#### [Work task]
When you transcribe the data below, reproduce every line exactly and leave each picture out.

#### [Exercise data]
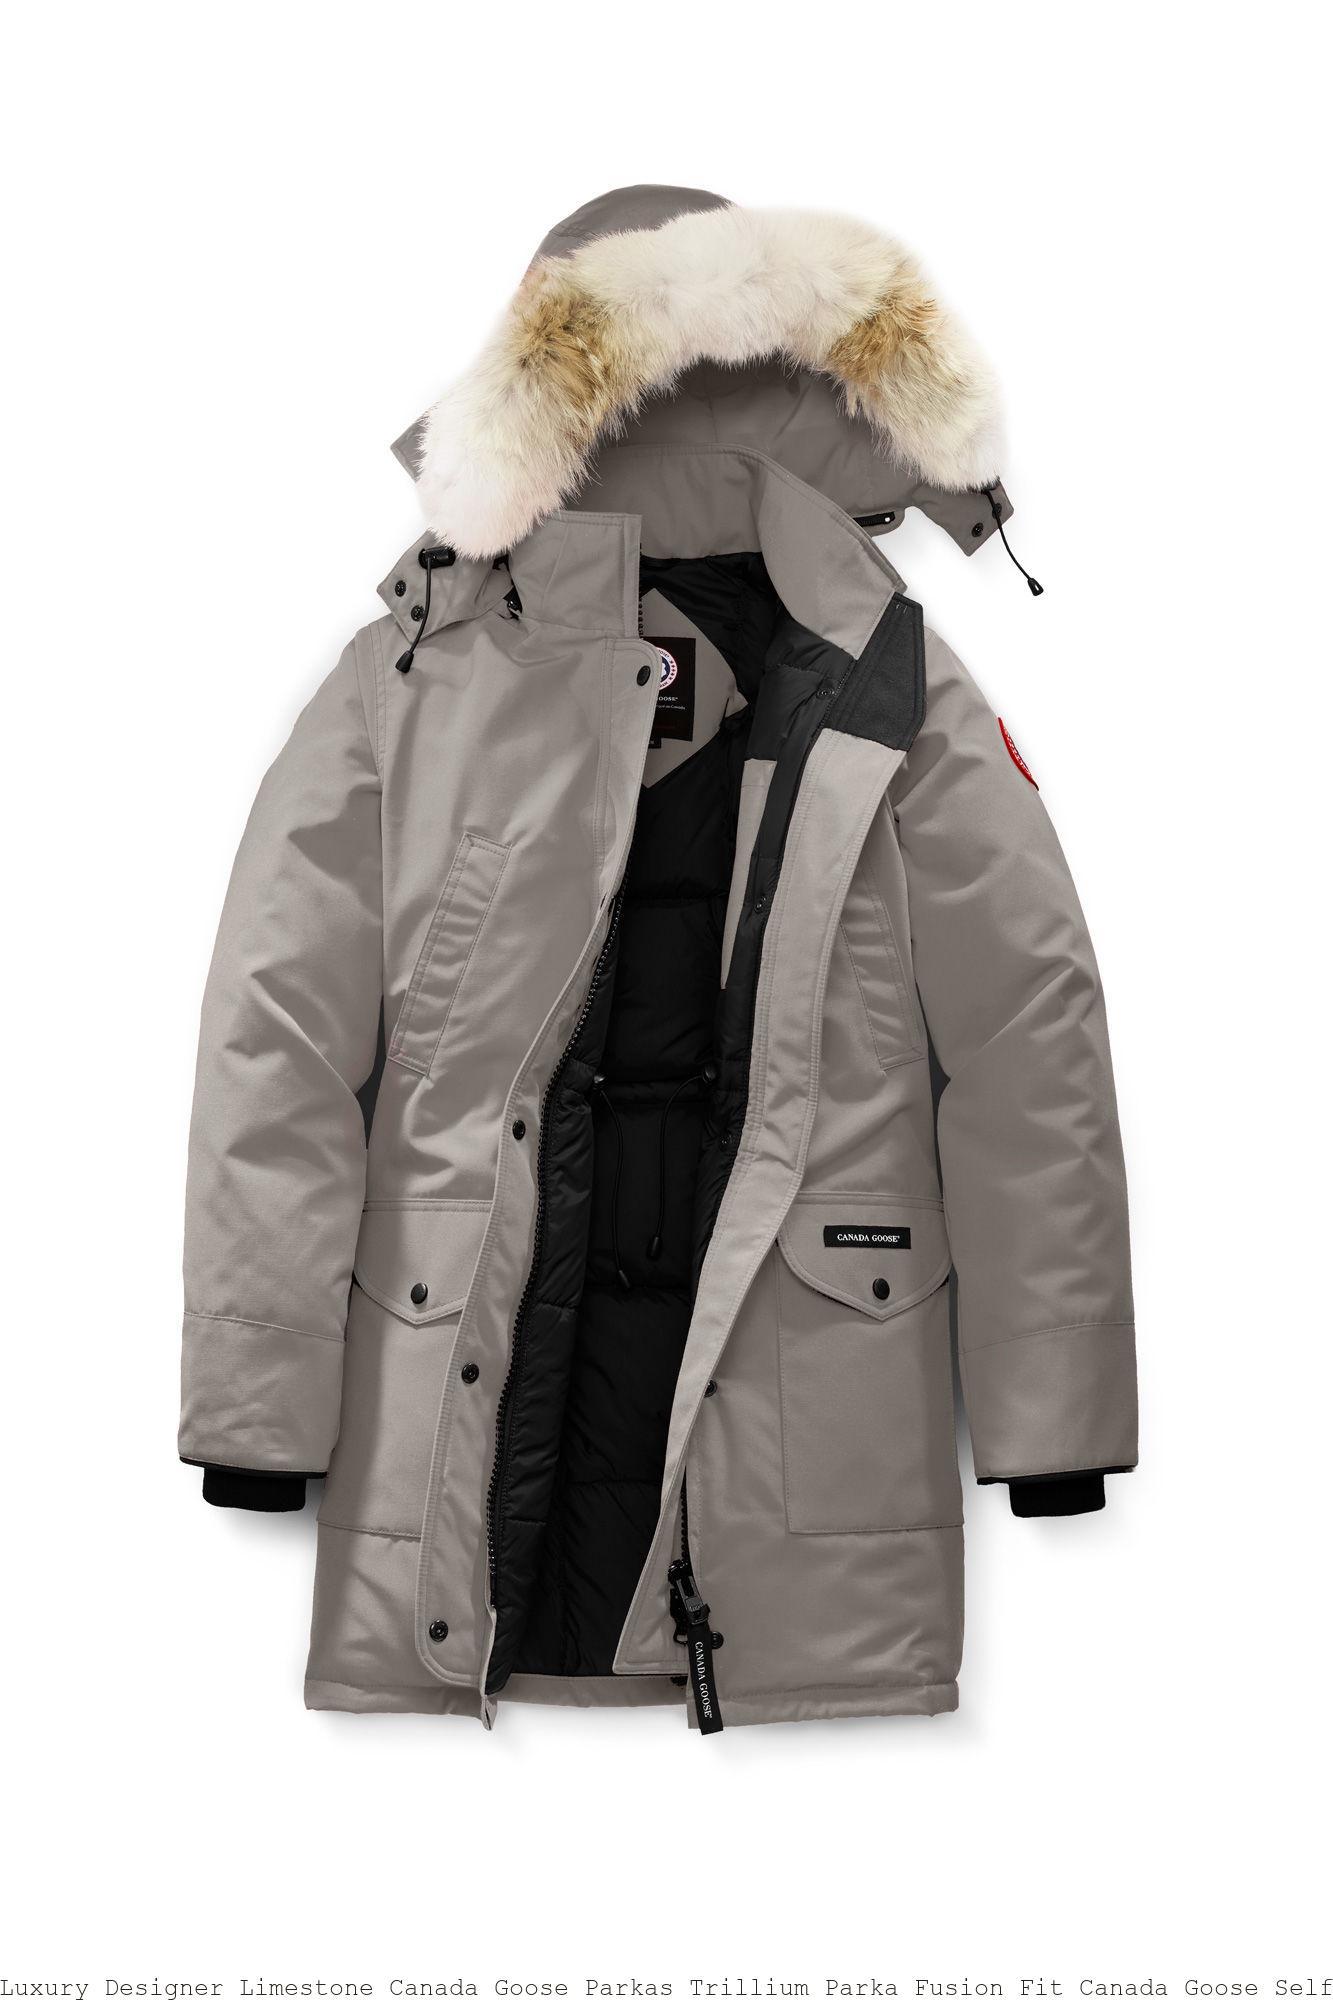 3579727fa82 Luxury Designer Limestone Canada Goose Parkas Trillium Parka Fusion Fit  Canada Goose Selfridges Uk 6660LA
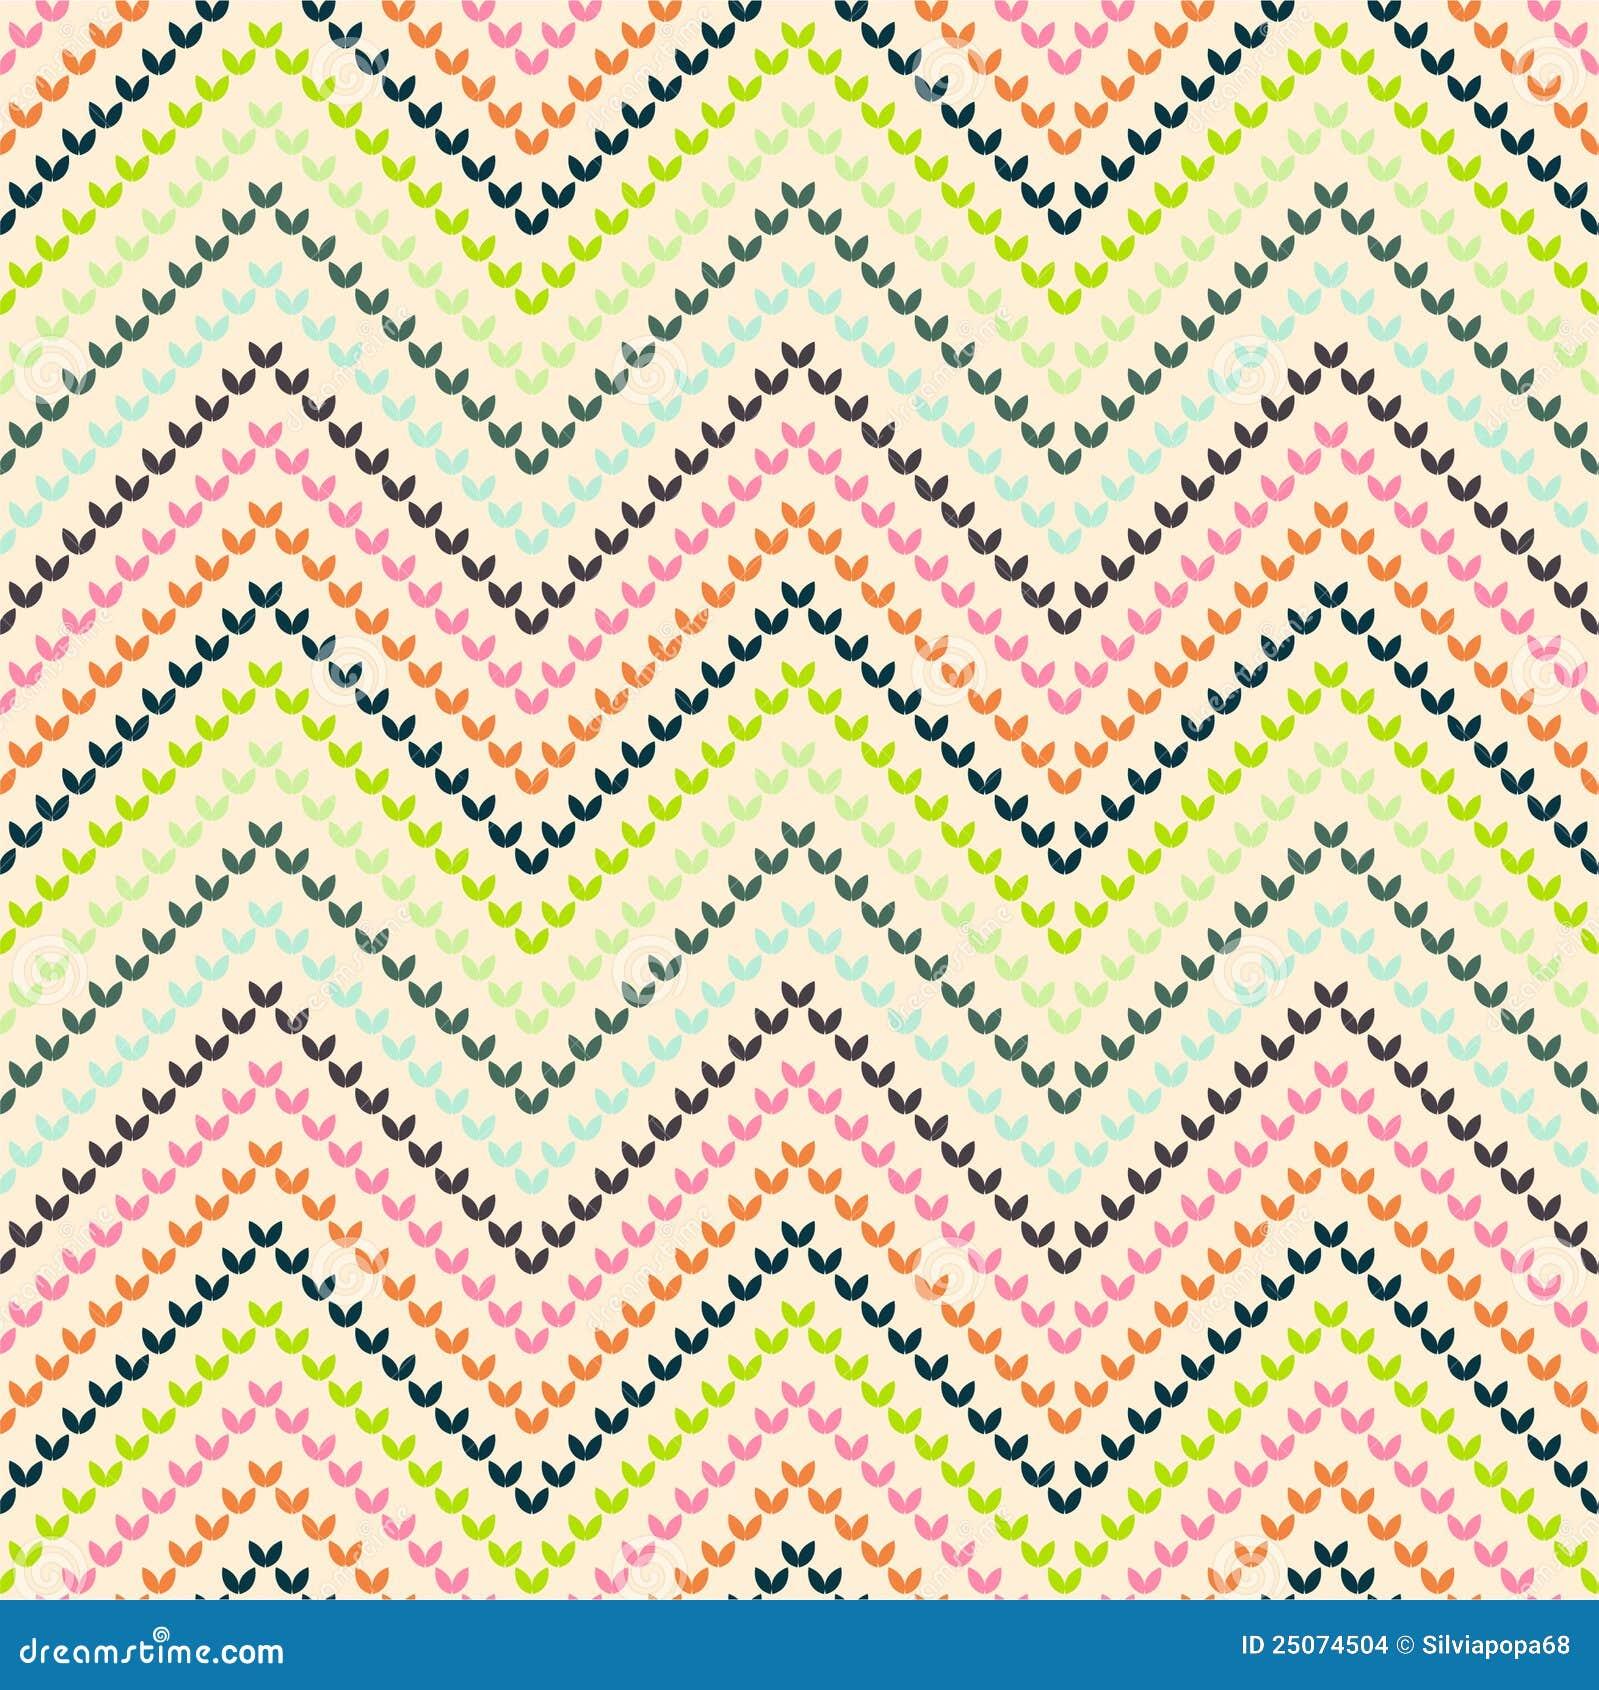 Stock Images Zigzag Pattern Warm Color Image25074504 on Geometric Design Patterns Chevron
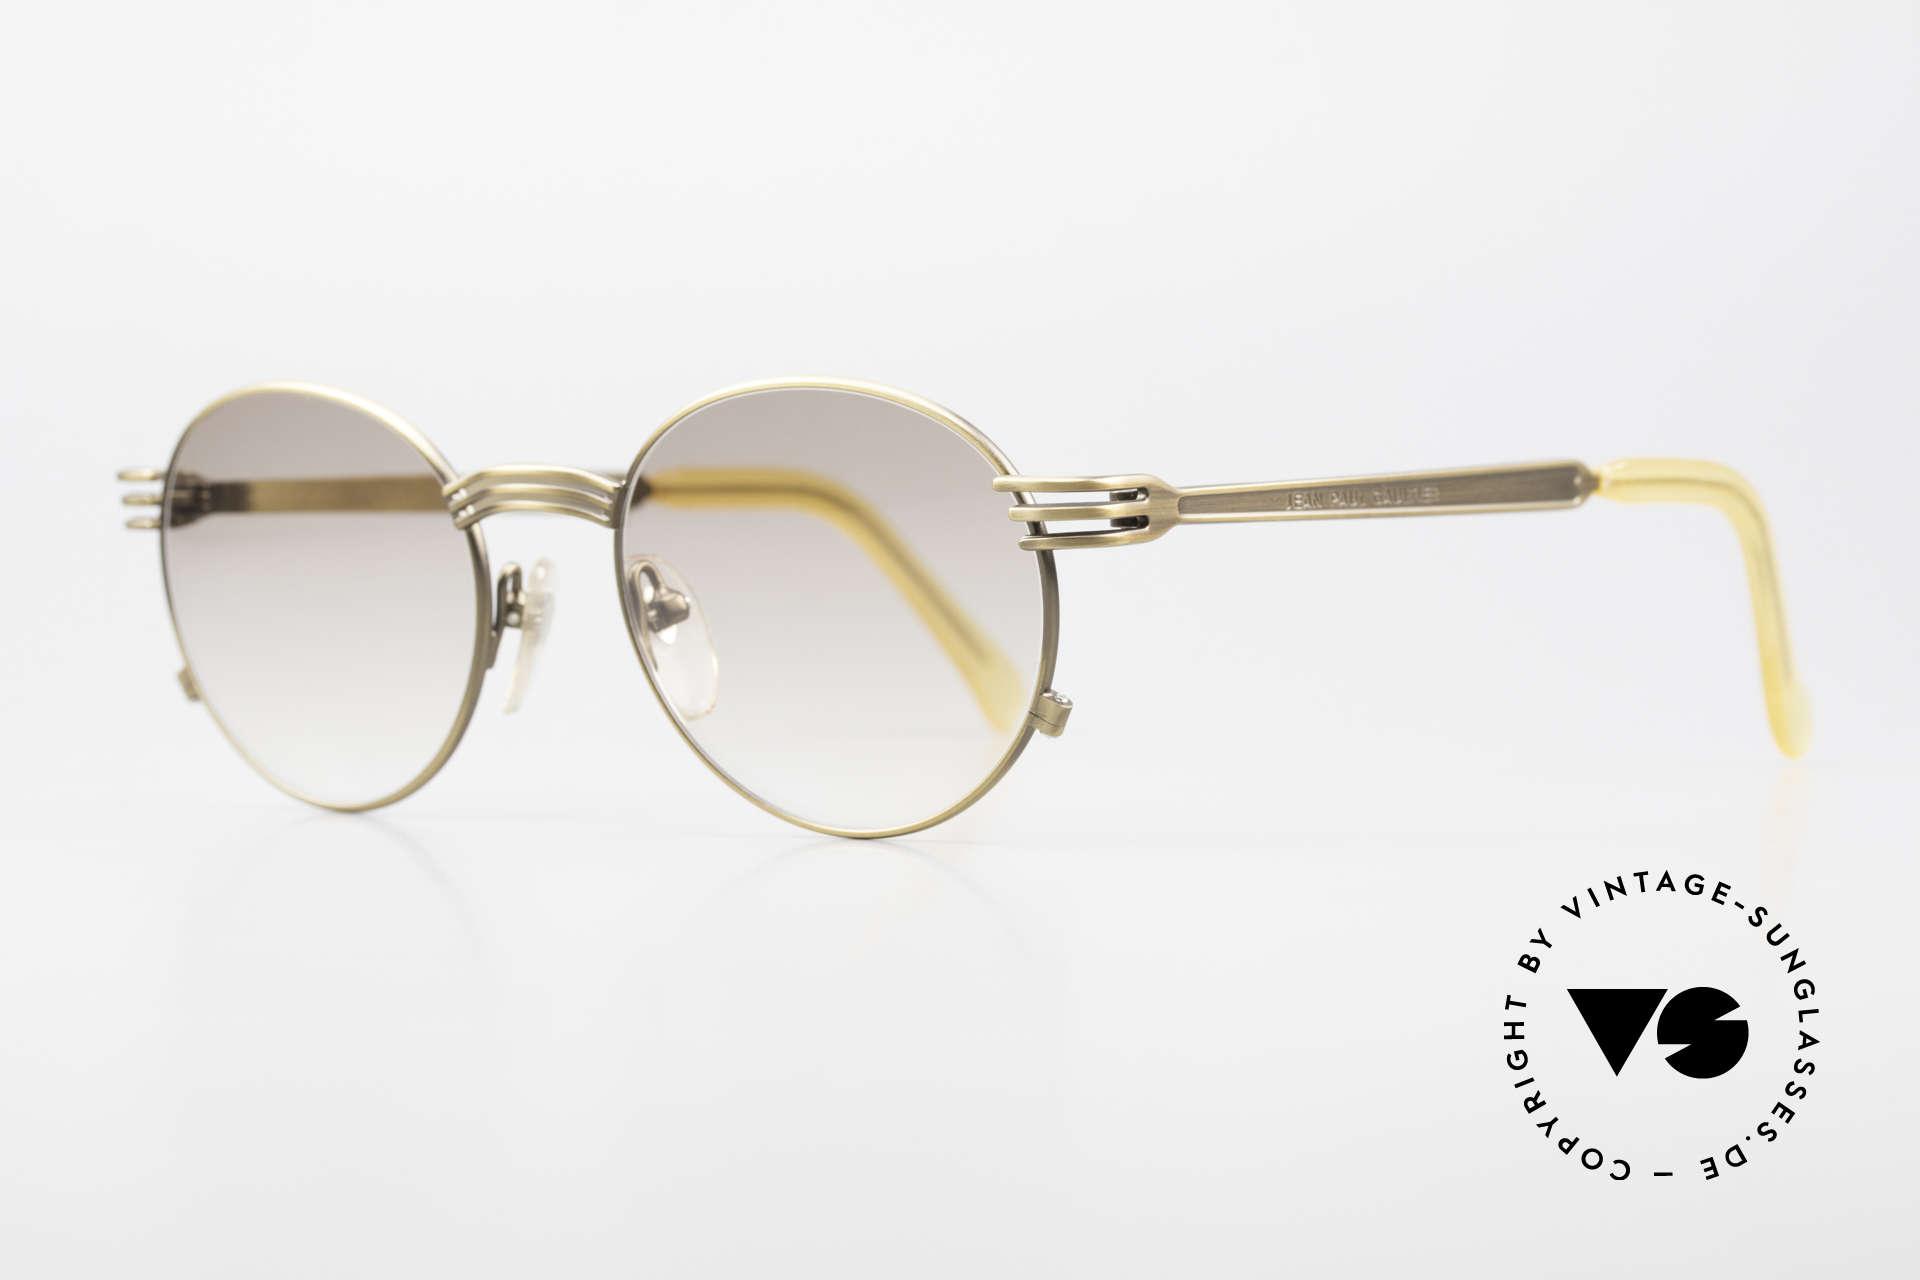 Jean Paul Gaultier 55-3174 Designer Vintage Glasses 90's, tangible top-notch craftsmanship; frame made in Japan, Made for Men and Women

#### [Response to this task]
 3579727fa82 Luxury Designer Limestone Canada Goose Parkas Trillium Parka Fusion Fit  Canada Goose Selfridges Uk 6660LA
 Stock Images Zigzag Pattern Warm Color Image25074504 on Geometric Design Patterns Chevron
 Jean Paul Gaultier 55-3174 Designer Vintage Glasses 90's, tangible top-notch craftsmanship; frame made in Japan, Made for Men and Women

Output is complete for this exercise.